Merion v. Schnitzlein
Before: Archbald
ARCHBALD, J.,
pro tem.
On November 30, 1928, plaintiff was living with her mother in a furnished apartment located in an apartment house in Long Beach operated by defendants and rented from them. Installed in each apartment of the establishment, including that occupied by plaintiff and her mother, was a small Humphrey Radiant Pire Heater No. 20. On the date mentioned the mother lighted the heater in the morning, dressed, had breakfast and departed to her work, returning at noon for lunch. She knocked on the door of the apartment but received no answer; “I commenced hammering, pounding on the door. I heard her [the daughter] fool with the door, and she opened it and just fell back on the floor.” The mother then telephoned Dr. Newman, who in turn, thinking the girl might have been overcome by monoxide gas, requested the pulmotor squad of the fire department to go at once to the apartment. This they did, finding the girl unconscious. After working on her for forty-eight minutes consciousness was restored. The lieutenant in charge testified that he had been a member of the squad for several years and had treated at. least a hundred cases; that plaintiff’s breath at the time had the smell distinctive of cases wherein people were overcome by monoxide gas. Dr. Newman testified that prior to November 30th.he had known plaintiff for about two years and that she “was a normal, healthy girl of her age”; that he treated her at the apartment for a month after that date and that she then came to his office with her mother the latter part of December and in January, 1929; that later he advised the mother to “try a change of climate” for the girl; that he did not see her again until April, at which time she had not recovered her health; that in his opinion her condition was the result of monoxide gas poisoning.
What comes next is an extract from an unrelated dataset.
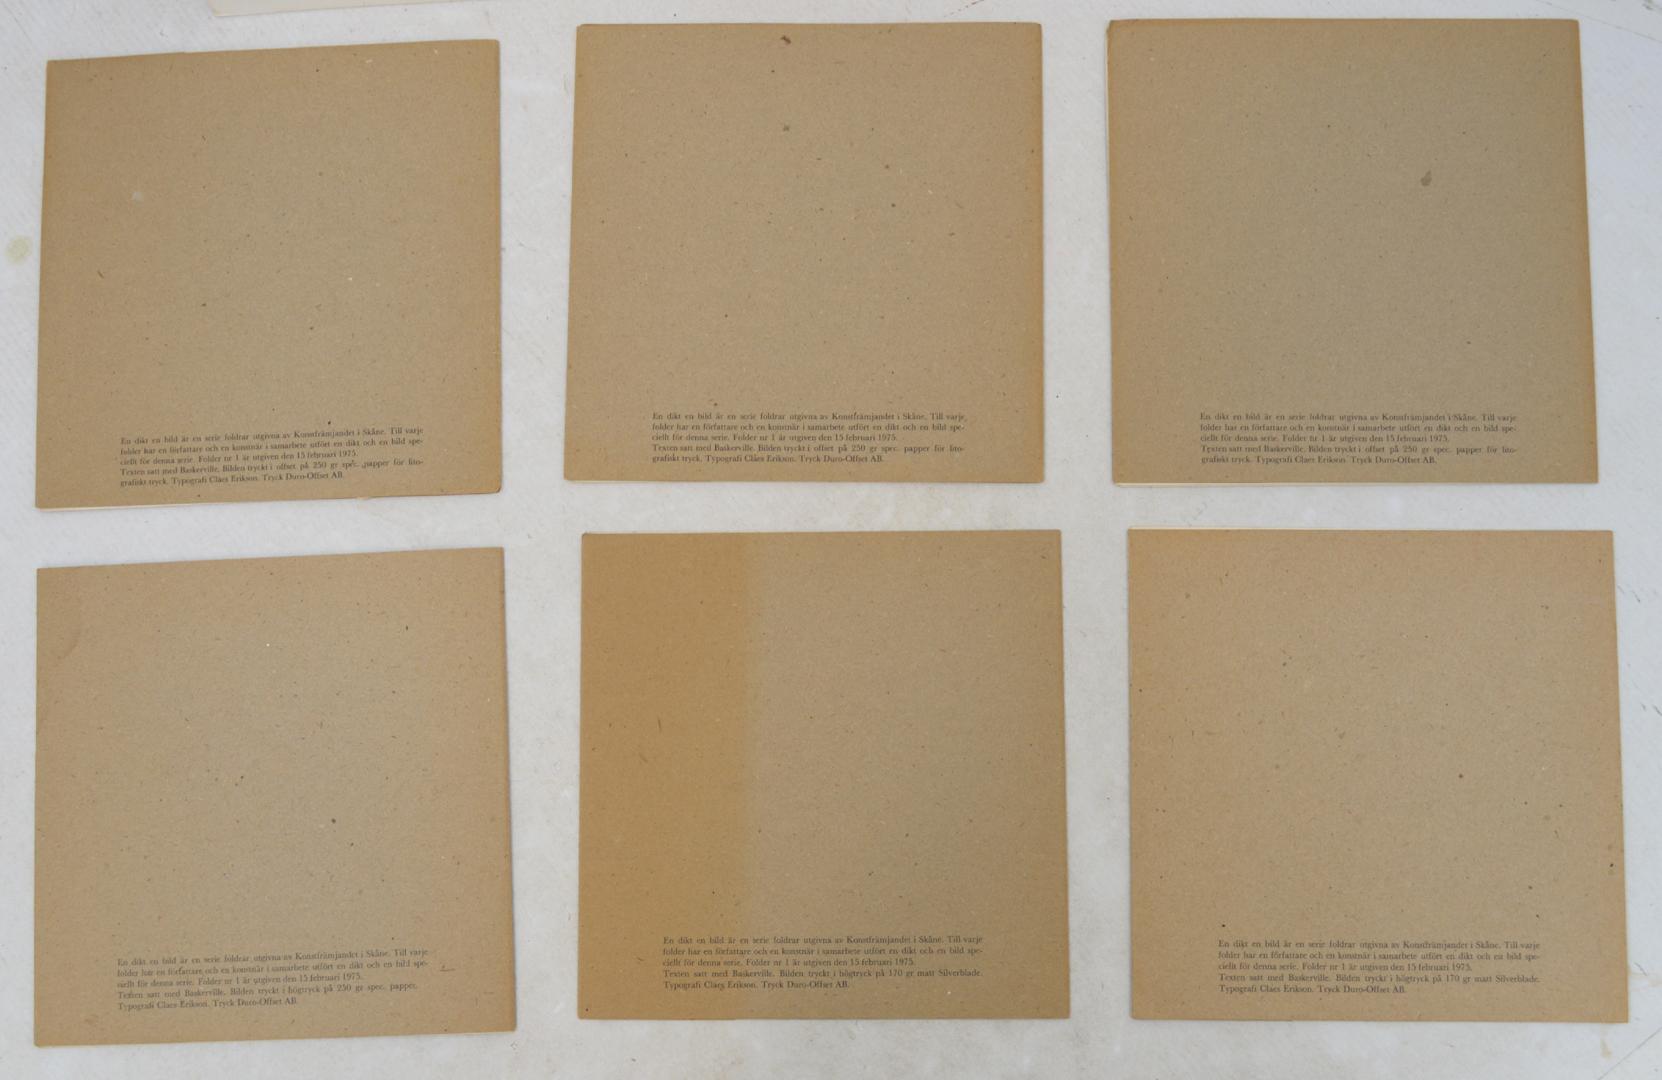 15 års dikt Images for 827974. en dikt en bild. Nr 1 6. Med sex  15 års dikt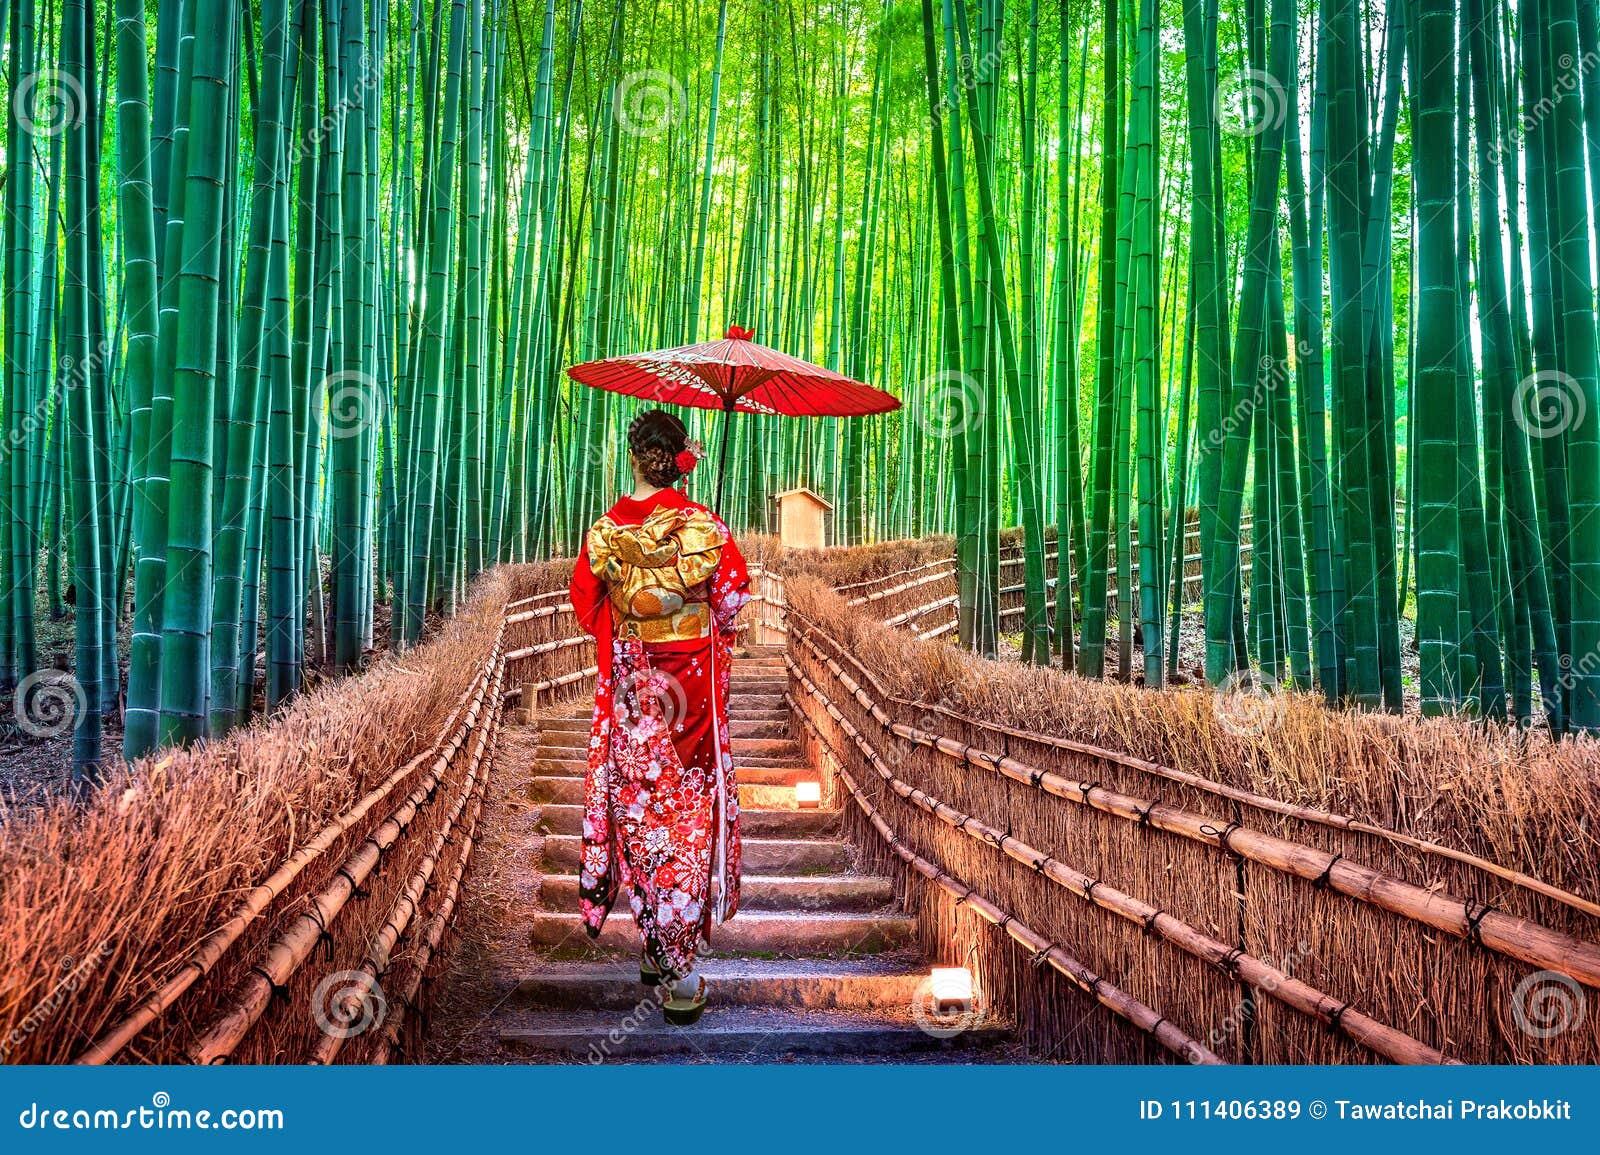 Donna di bambù di Forest Asian che porta kimono tradizionale giapponese alla foresta di bambù a Kyoto, Giappone

This action was brought by plaintiff through her mother as guardian
ad litem,
the complaint charging negligence in installing the heater without venting it as required by city ordinance, and that the heater was negligently “adjusted and left by said defendants in such a condition that mon
[723]
oxide gas was produced when said heater was burning”. Trial before a jury resulted in a verdict of $5,000 against defendants. Motion for new trial was denied on condition that plaintiff accept $2,000 damages in lieu of the amount awarded by the verdict of the jury. Such election was filed by plaintiff and defendants appeal from the judgment entered. The sole question raised by the appeal is as to the sufficiency of the evidence to support the judgment.